PROMPT → When you restate the data, keep every word as it is and drop the images.

DATA EXCERPT →
<<<<

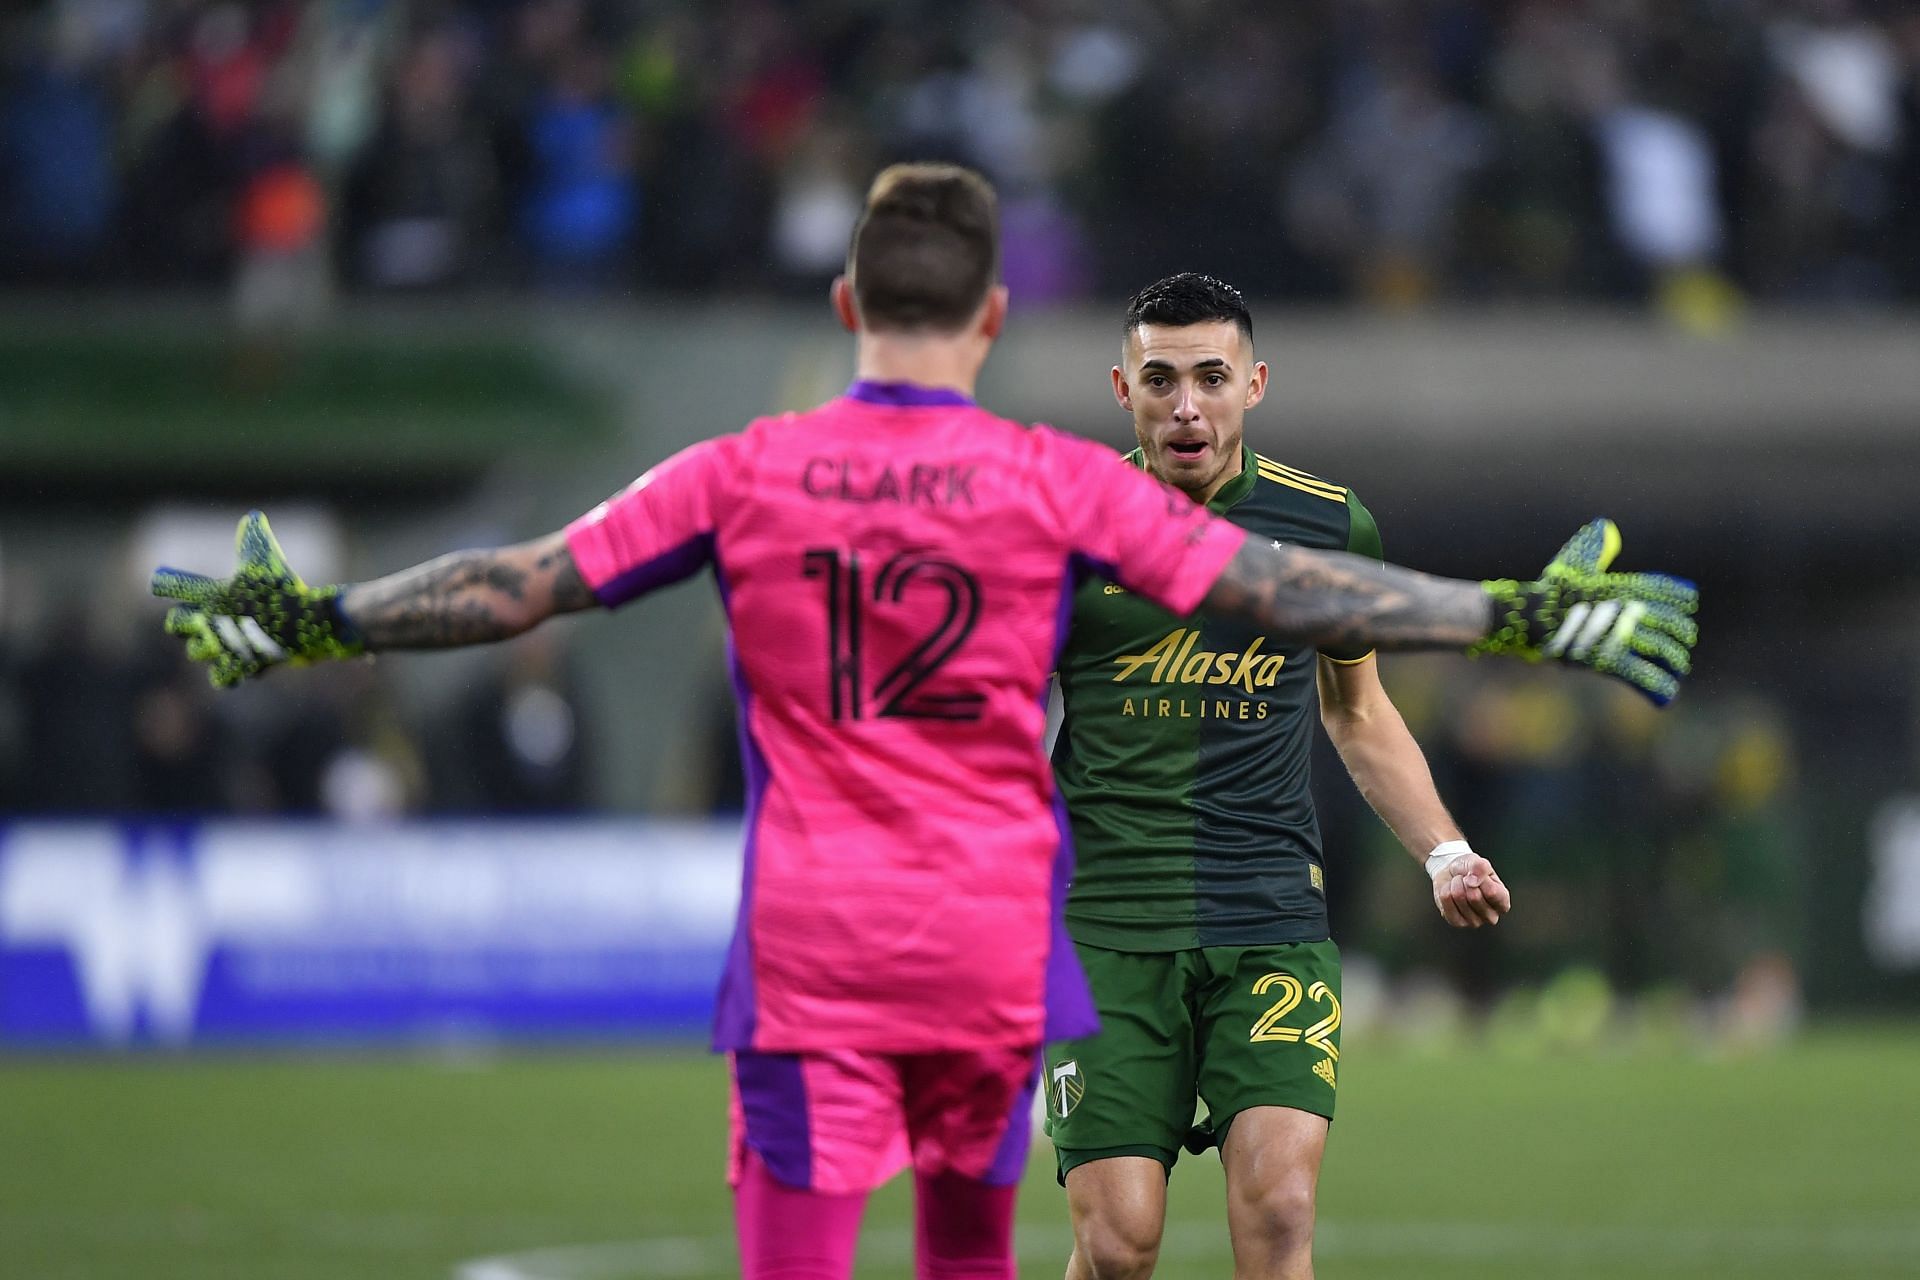 Portland Timbers face Houston Dynamo in the MLS on Saturday
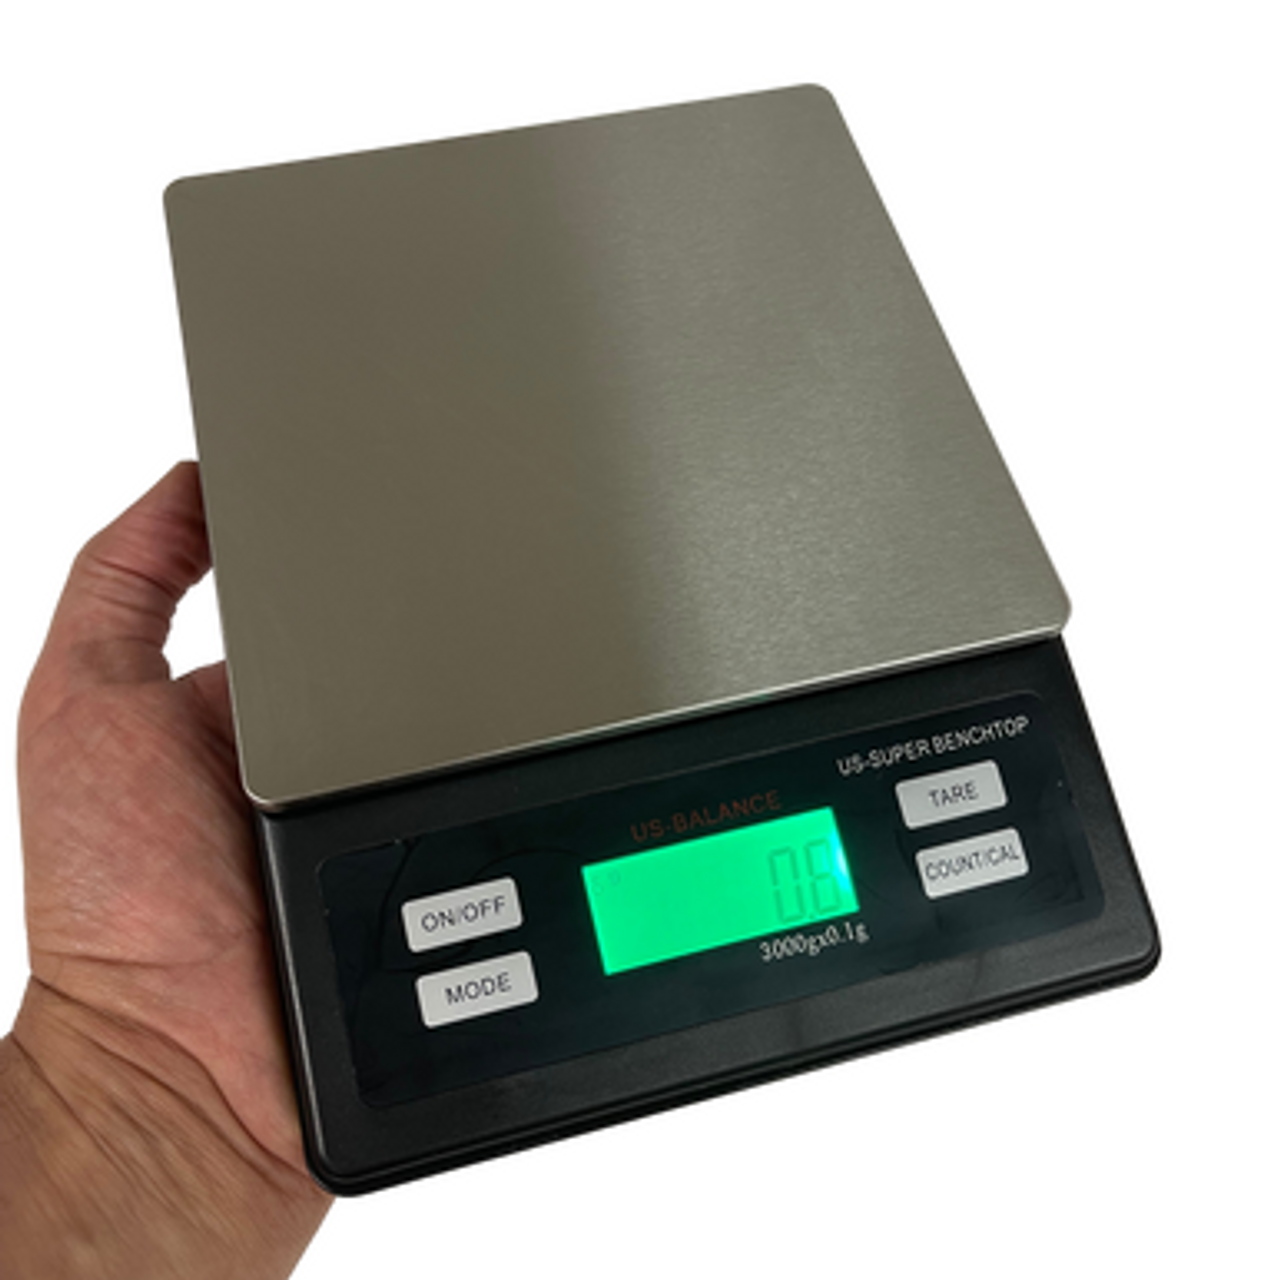 High Capacity Digital Electronic Scales for Weighing Resin - GlassCast
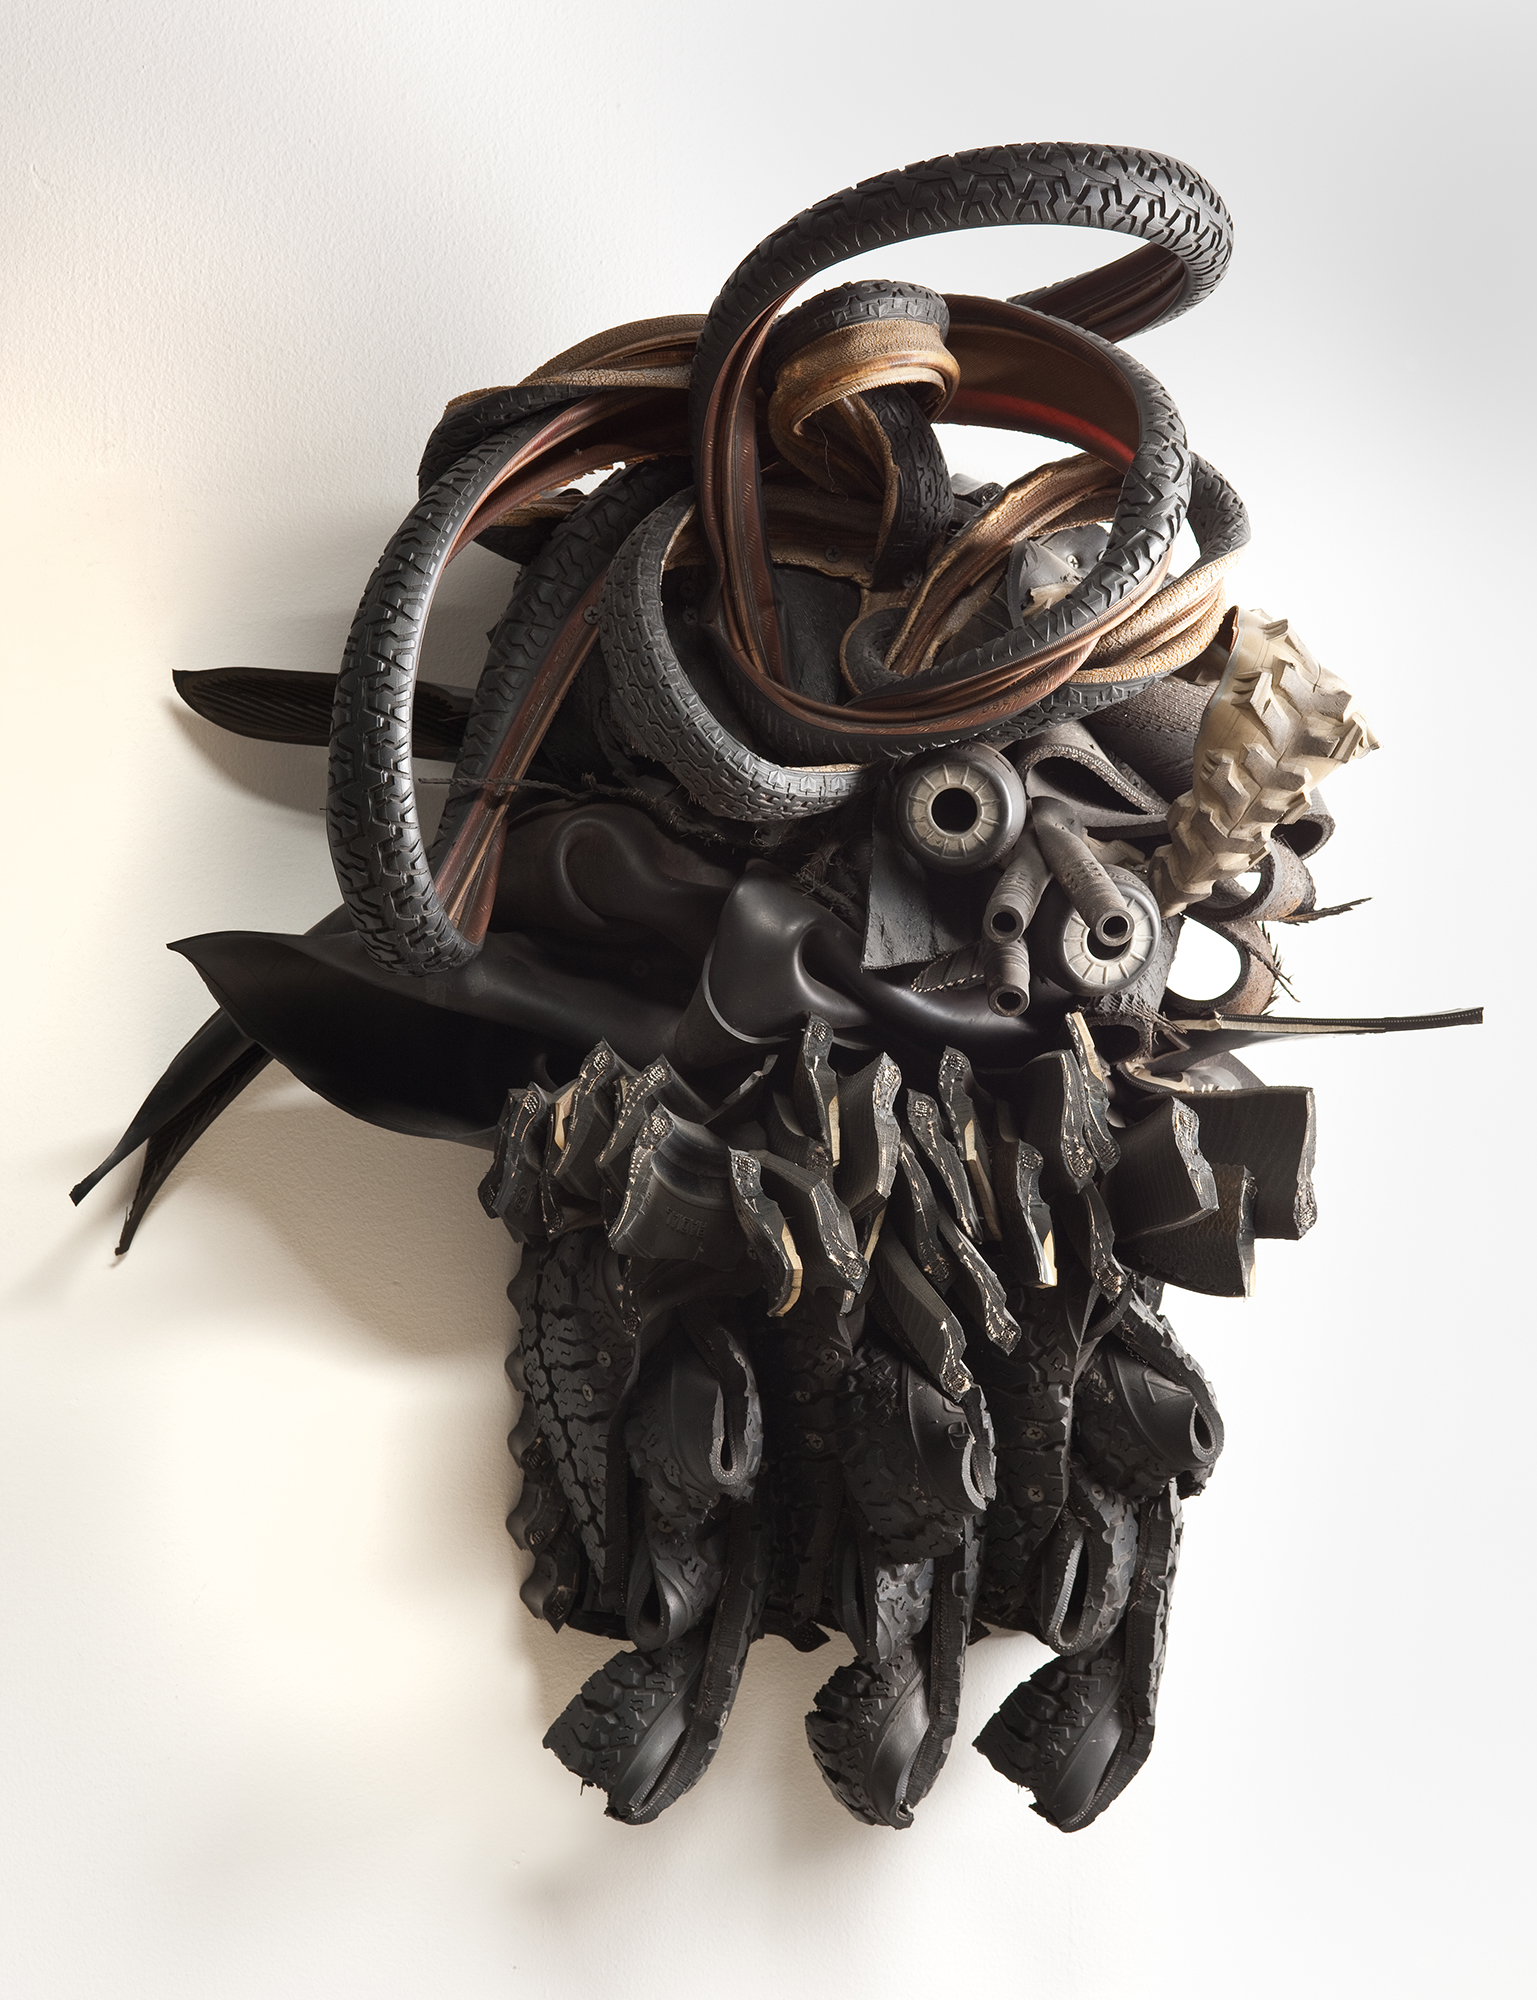 A hanging sculpture made of different sizes and shapes of tires and other rubber objects
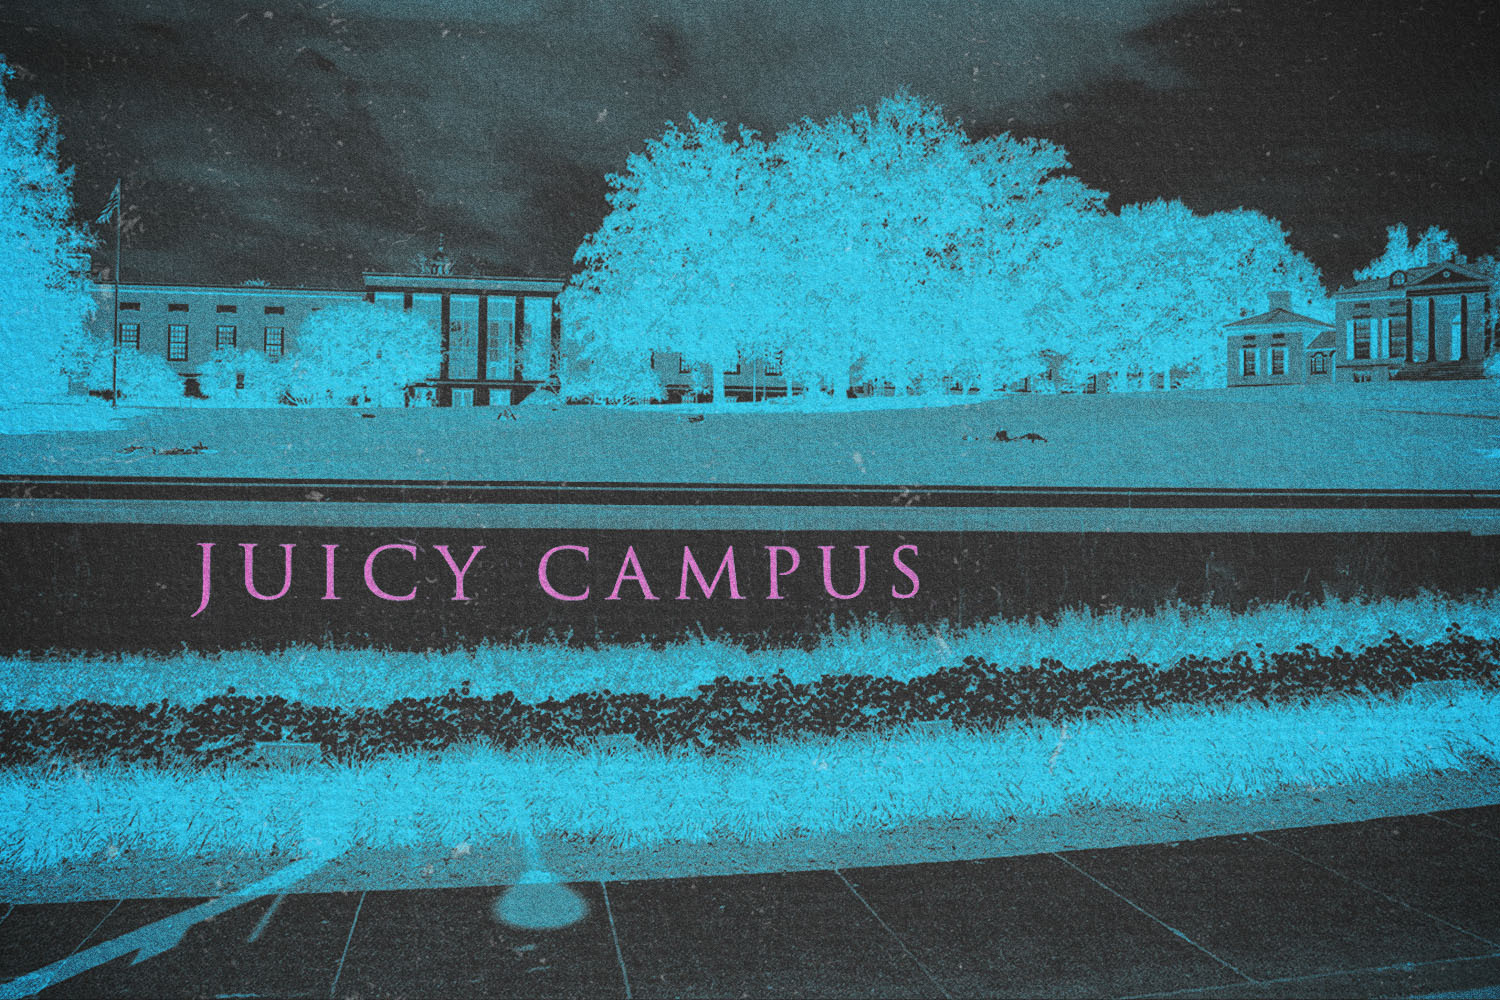 A stone retaining wall in front of a university quad emblazoned with the words "Juicy Campus"

>>>>

SOLUTION FOR THIS EXERCISE →
 Portland Timbers face Houston Dynamo in the MLS on Saturday
 High Capacity Digital Electronic Scales for Weighing Resin - GlassCast
 A hanging sculpture made of different sizes and shapes of tires and other rubber objects
 A stone retaining wall in front of a university quad emblazoned with the words "Juicy Campus"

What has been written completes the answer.